XRP Futures Market Splits as Bybit Open Interest Drops Near $1.20

XRP’s move toward the $1.20 area triggered a clear leverage reset in derivatives markets, but the pressure was not evenly distributed across exchanges.

The strongest signal came from Bybit, where XRP open interest contracted sharply as price weakened.

This suggests that traders on Bybit were aggressively reducing exposure, either through voluntary position closures or forced deleveraging during the latest downside move.

What makes the setup more interesting is that Binance did not show the same behavior.

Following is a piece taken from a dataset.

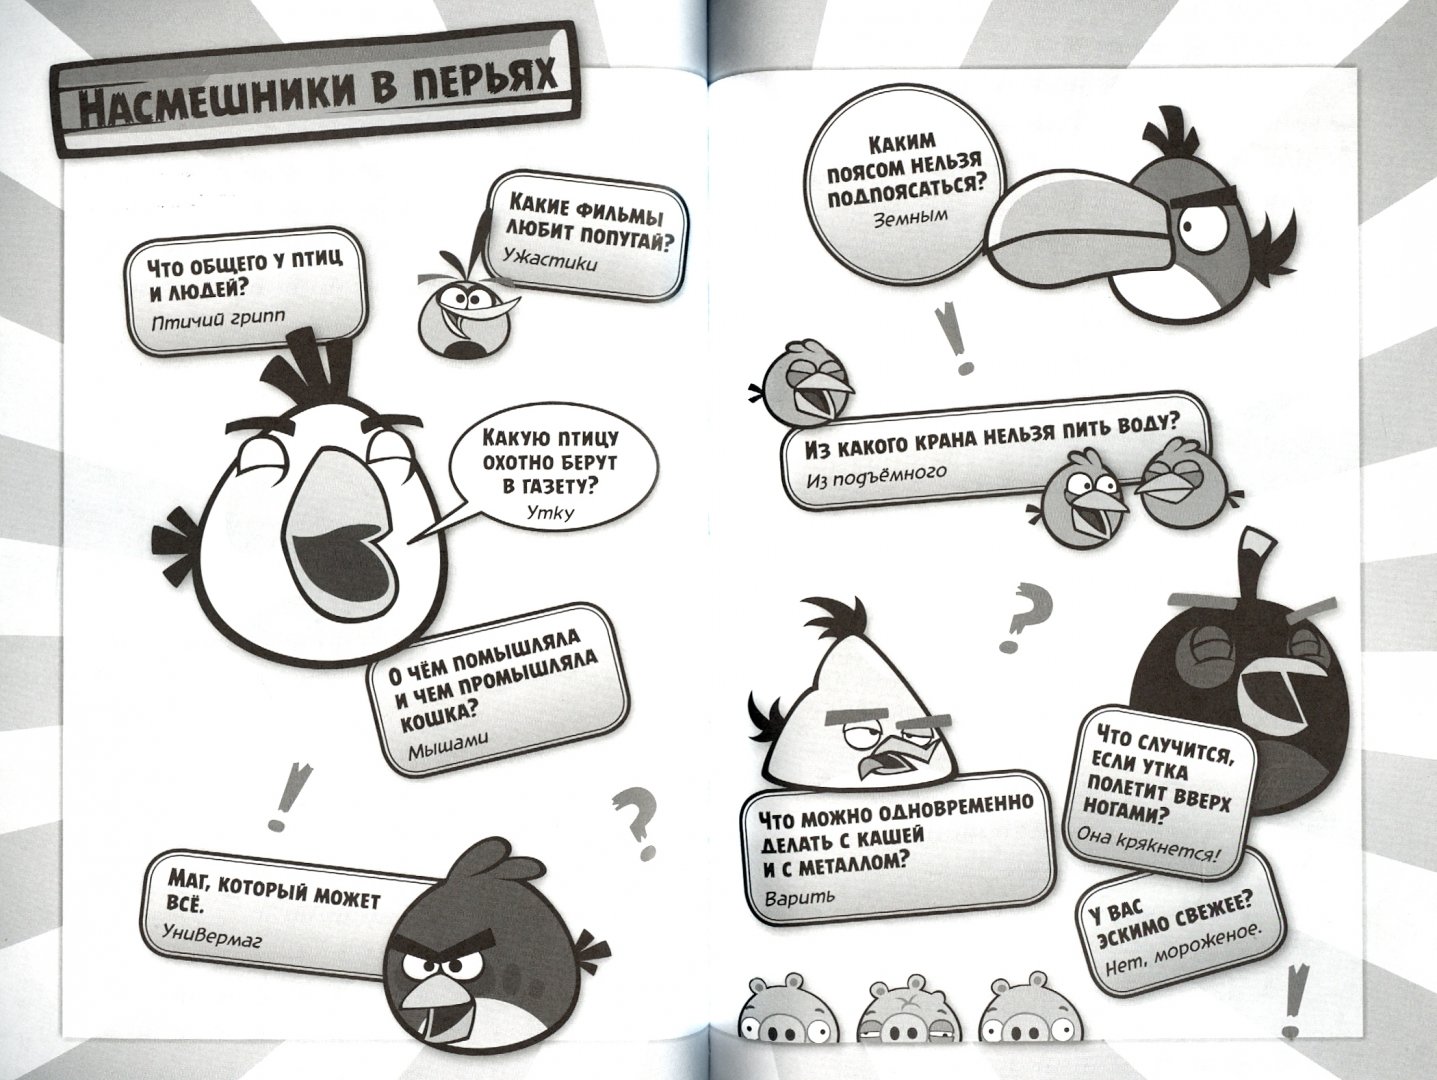 Иллюстрация 1 из 12 для Angry Birds/ Потехе - час! Улётные шутки от птиц и свиней. Обхохочешься! Полнейшее свинство! | Лабиринт - книги. Источник: Лабиринт

While Bybit saw a sharp drop in open interest, Binance recorded an increase of around $20 million on June 2. This creates a split market structure: Bybit traders appear to be cutting risk, while Binance traders are still adding or maintaining exposure.

From May 21 to June 3, Bybit’s XRP open interest fell from $283 million to $216 million, a decline of $67 million, or nearly 24%.

The 7-day open interest change also showed heavy negative readings on Bybit, reaching approximately -$61 million on June 2 and -$56 million on June 3 as XRP traded near $1.20.

The open interest delta confirms the same pattern.

Bybit posted three consecutive negative readings, ranging between roughly -$13 million and -$23 million, showing that position closures were not a one-off event but part of a broader deleveraging phase.

This matters because falling open interest during a price decline usually points to leverage leaving the market.

For now, the key takeaway is that XRP derivatives are not showing a uniform exit from the market. Instead, Bybit is carrying most of the deleveraging pressure, while Binance remains more resilient. This divergence makes the $1.20 area an important level to watch, as it may decide whether the current move becomes a healthy leverage reset or the beginning of broader downside pressure.